- Problem details
Your answer should consist only of the lines below from the one with "Ios Приложения Для" through the one with "Paisaje idílico de", copied exactly.

- Input data
....
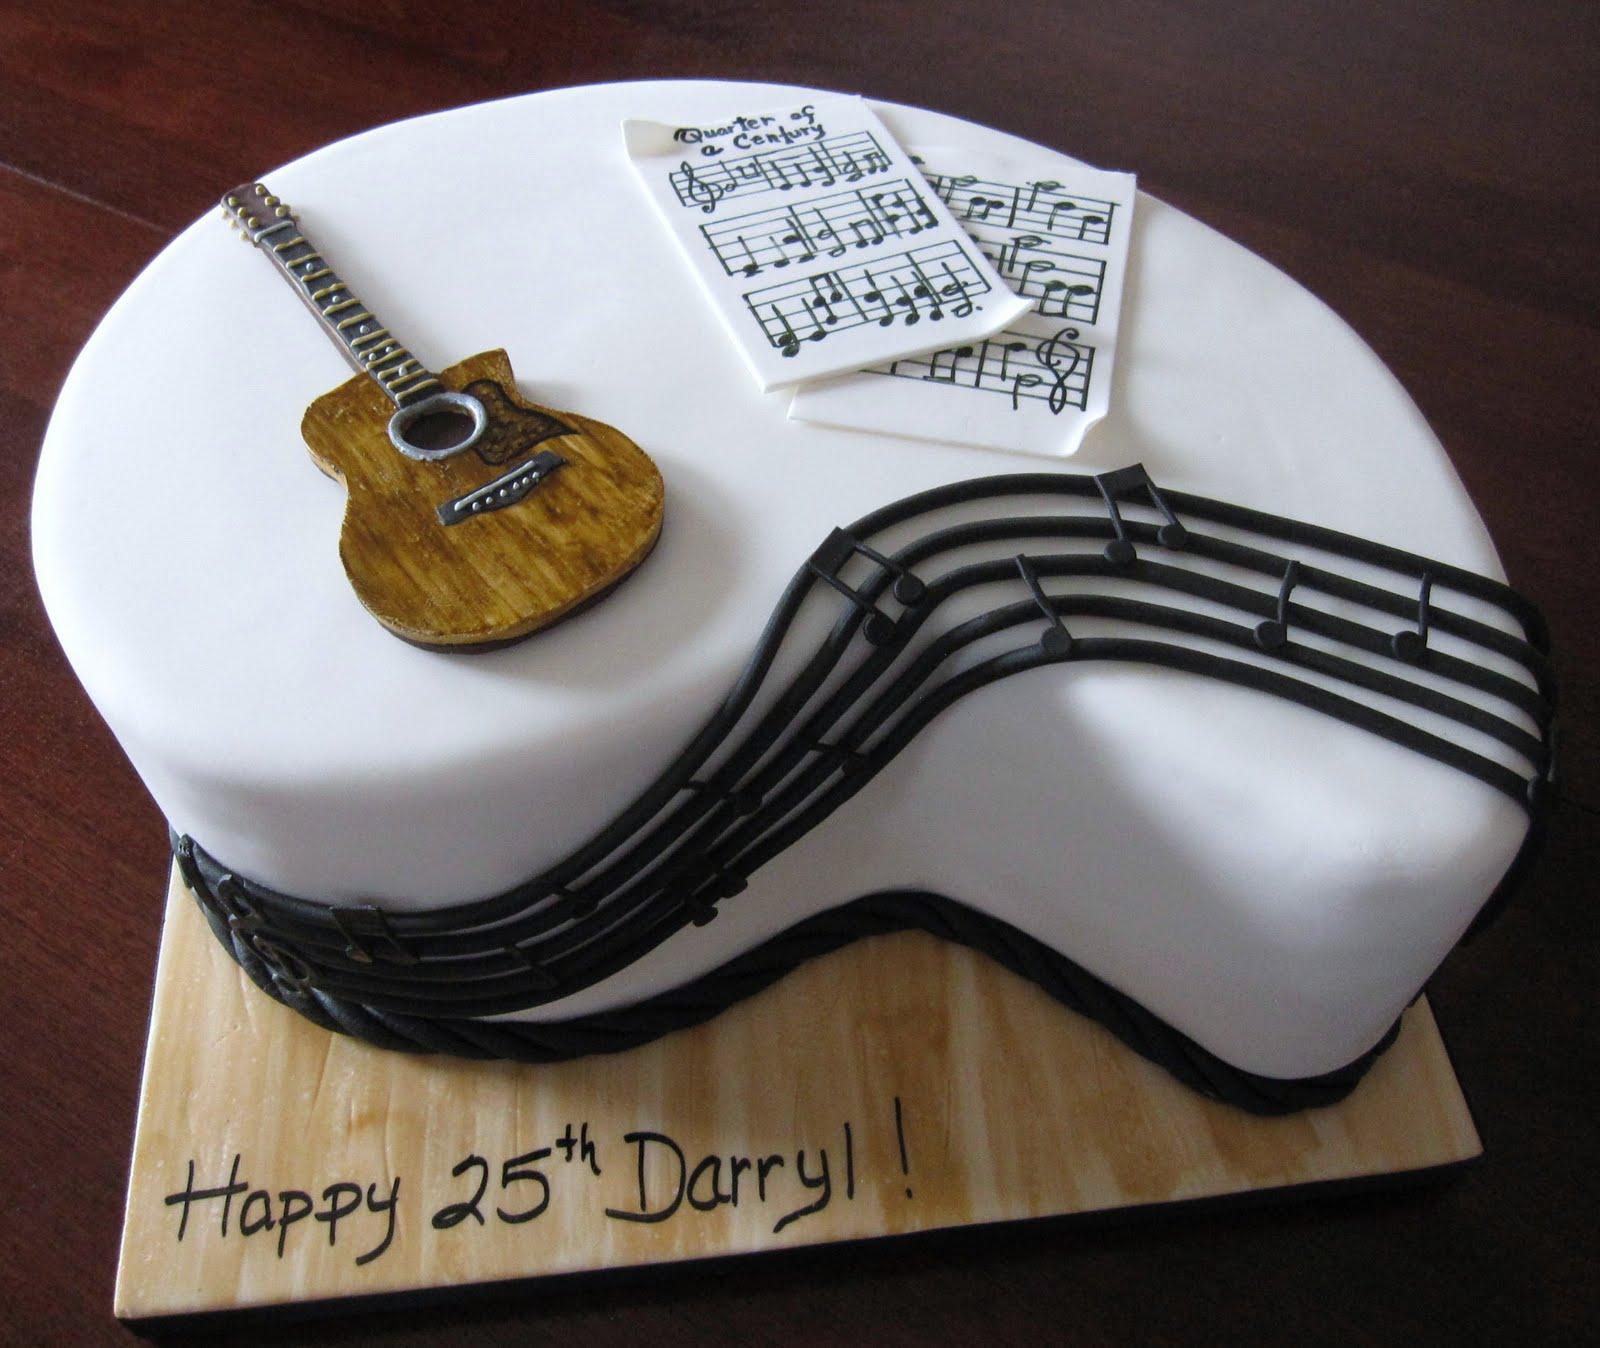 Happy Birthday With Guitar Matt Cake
....
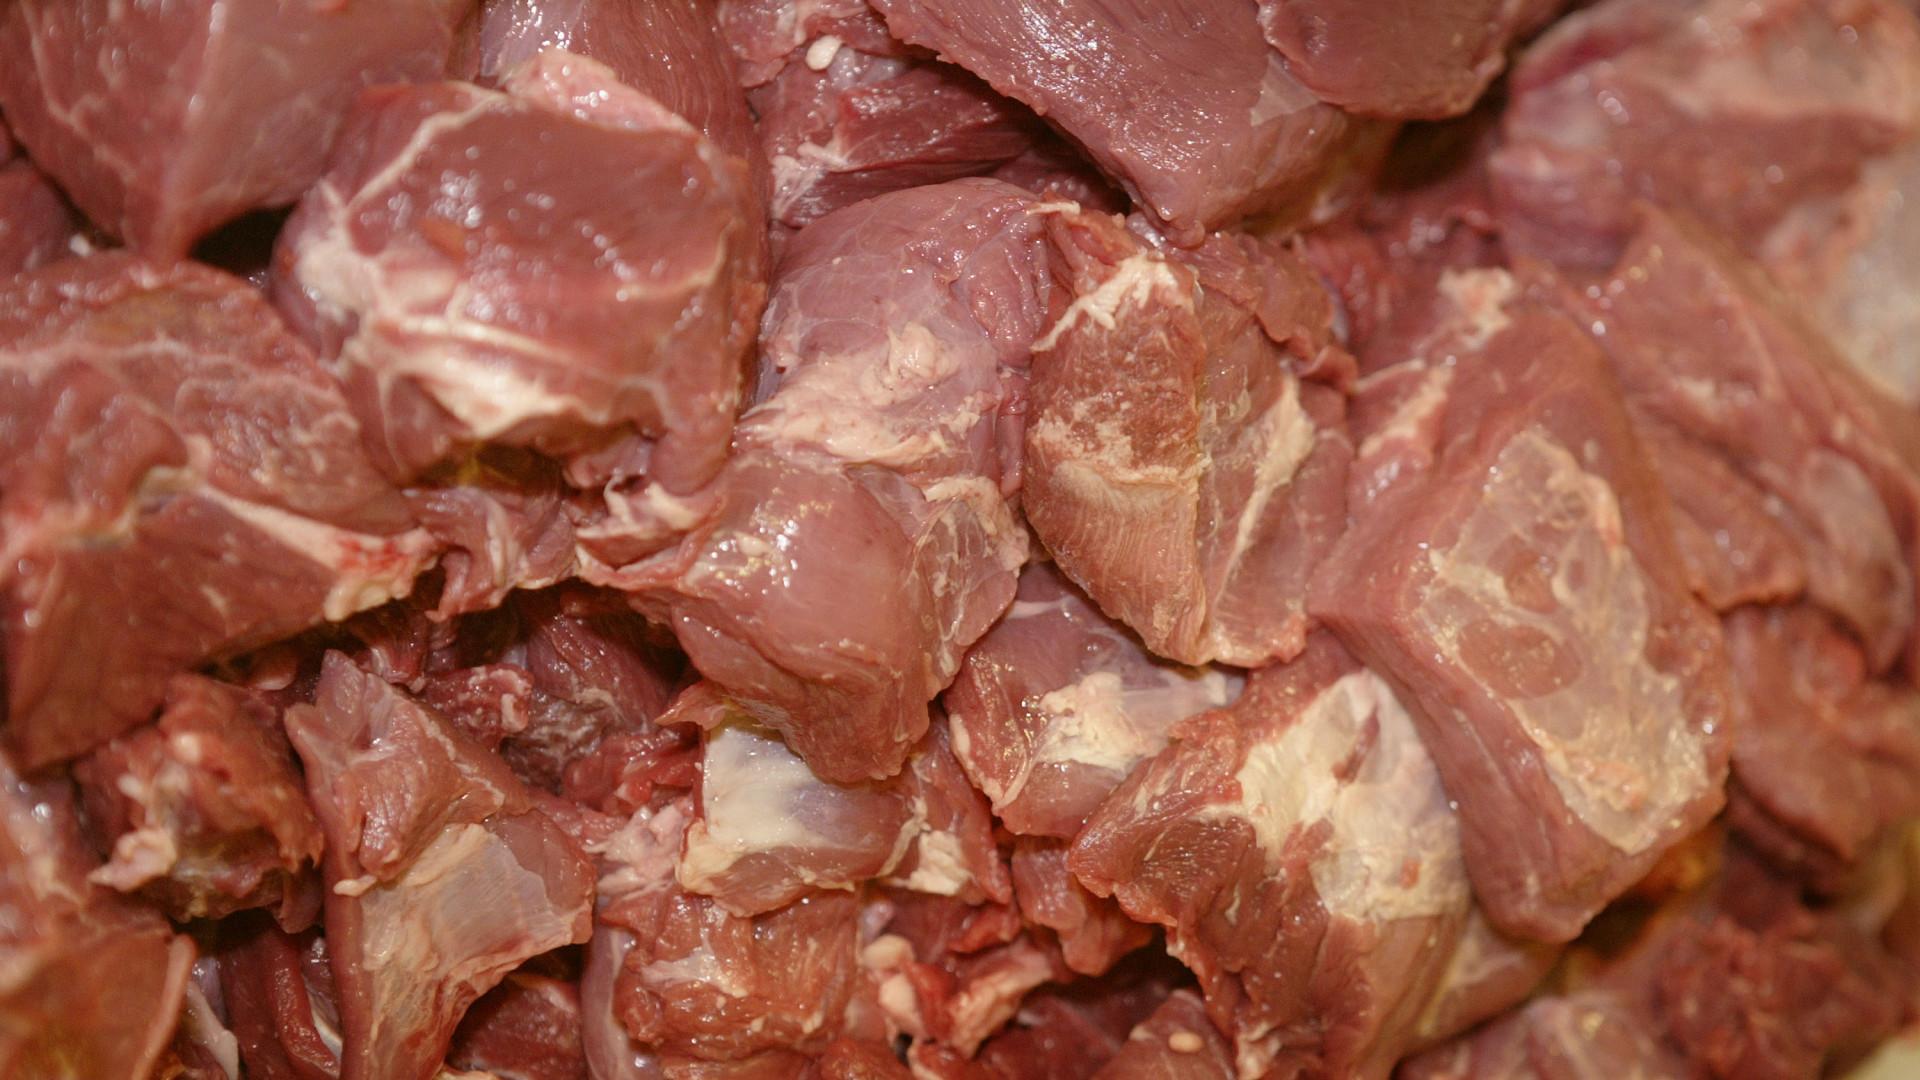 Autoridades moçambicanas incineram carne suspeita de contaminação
....
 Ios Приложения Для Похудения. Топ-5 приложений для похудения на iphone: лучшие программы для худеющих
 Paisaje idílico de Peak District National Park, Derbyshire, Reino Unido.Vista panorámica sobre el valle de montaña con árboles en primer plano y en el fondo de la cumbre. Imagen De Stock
....
- Response box
 Ios Приложения Для Похудения. Топ-5 приложений для похудения на iphone: лучшие программы для худеющих
 Paisaje idílico de Peak District National Park, Derbyshire, Reino Unido.Vista panorámica sobre el valle de montaña con árboles en primer plano y en el fondo de la cumbre. Imagen De Stock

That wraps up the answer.